#### YOUR GOAL:
The entries below contain a stretch that opens with the line containing "Das Mount Rushmore" and closes with the line containing "Atlantis the Palm y Abu Dhabi 5 noches"; set down that stretch exactly, both ends included, and nothing else.

#### TASK INPUT:
= = = =

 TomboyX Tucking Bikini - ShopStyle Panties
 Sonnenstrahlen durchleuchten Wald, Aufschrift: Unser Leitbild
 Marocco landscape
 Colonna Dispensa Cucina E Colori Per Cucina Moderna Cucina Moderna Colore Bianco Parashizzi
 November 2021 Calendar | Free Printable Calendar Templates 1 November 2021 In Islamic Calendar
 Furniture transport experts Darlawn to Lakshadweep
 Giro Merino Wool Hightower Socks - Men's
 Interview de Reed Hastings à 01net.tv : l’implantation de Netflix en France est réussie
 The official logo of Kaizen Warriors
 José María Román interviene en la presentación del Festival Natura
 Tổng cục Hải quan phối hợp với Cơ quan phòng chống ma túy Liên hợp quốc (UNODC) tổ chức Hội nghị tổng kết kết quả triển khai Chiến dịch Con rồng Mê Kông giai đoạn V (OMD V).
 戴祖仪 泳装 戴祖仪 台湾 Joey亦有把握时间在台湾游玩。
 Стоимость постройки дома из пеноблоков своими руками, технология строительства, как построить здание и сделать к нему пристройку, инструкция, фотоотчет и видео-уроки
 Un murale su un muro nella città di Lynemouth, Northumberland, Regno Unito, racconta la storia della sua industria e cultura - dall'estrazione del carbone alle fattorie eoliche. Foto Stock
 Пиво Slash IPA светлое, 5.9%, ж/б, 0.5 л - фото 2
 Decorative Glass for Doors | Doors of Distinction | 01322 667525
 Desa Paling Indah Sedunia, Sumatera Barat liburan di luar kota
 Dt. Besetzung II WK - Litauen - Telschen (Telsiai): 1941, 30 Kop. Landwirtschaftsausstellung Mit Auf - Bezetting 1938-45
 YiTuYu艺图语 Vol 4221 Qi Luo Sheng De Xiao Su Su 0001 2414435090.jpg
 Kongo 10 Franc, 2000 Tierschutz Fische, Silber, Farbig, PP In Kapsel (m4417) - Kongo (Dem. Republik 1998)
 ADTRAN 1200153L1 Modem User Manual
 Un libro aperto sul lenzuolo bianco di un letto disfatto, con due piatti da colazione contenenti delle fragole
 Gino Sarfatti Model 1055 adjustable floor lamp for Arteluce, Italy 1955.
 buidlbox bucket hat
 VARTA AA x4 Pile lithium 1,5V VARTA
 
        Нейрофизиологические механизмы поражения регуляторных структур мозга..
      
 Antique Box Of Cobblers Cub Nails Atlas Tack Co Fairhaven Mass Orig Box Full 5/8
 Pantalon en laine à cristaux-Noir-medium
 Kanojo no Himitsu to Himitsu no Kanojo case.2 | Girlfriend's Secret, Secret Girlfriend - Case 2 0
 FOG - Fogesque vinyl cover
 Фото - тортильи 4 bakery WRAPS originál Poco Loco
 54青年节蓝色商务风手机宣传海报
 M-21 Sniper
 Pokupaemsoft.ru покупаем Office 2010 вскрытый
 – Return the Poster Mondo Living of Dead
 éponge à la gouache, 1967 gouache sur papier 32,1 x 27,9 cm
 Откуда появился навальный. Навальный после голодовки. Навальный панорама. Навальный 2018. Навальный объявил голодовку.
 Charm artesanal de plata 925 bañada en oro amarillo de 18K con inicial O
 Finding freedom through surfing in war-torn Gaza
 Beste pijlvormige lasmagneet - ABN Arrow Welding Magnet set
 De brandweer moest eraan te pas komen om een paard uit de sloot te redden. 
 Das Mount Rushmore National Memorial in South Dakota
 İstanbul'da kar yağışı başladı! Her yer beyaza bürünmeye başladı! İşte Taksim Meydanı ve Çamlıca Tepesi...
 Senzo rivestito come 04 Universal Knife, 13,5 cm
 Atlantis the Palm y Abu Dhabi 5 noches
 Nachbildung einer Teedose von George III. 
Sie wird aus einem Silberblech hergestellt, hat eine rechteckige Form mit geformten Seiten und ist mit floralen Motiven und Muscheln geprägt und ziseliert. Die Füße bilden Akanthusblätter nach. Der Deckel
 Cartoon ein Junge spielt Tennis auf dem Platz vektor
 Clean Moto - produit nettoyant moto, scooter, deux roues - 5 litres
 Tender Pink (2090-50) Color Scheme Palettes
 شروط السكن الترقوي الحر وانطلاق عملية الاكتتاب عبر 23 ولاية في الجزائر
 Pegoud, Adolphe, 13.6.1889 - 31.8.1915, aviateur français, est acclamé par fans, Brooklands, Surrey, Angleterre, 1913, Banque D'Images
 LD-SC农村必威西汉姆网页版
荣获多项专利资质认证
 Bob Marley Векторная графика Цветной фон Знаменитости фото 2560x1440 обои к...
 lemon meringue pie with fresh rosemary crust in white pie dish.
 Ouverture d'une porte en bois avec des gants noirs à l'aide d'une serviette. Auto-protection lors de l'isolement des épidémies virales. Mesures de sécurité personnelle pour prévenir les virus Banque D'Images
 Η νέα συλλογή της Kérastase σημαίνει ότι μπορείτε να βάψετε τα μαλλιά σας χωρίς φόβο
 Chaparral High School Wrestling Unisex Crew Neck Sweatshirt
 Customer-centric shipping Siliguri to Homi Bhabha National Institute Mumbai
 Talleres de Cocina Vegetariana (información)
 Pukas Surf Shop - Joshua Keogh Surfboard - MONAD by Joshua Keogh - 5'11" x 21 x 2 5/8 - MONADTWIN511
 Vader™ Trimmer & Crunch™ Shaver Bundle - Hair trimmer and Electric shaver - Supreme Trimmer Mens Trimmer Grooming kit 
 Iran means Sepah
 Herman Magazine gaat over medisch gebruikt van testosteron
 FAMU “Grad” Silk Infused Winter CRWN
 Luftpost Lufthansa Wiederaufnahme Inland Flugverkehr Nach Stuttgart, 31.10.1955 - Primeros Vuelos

= = = =

#### TASK RESULT:
 Das Mount Rushmore National Memorial in South Dakota
 İstanbul'da kar yağışı başladı! Her yer beyaza bürünmeye başladı! İşte Taksim Meydanı ve Çamlıca Tepesi...
 Senzo rivestito come 04 Universal Knife, 13,5 cm
 Atlantis the Palm y Abu Dhabi 5 noches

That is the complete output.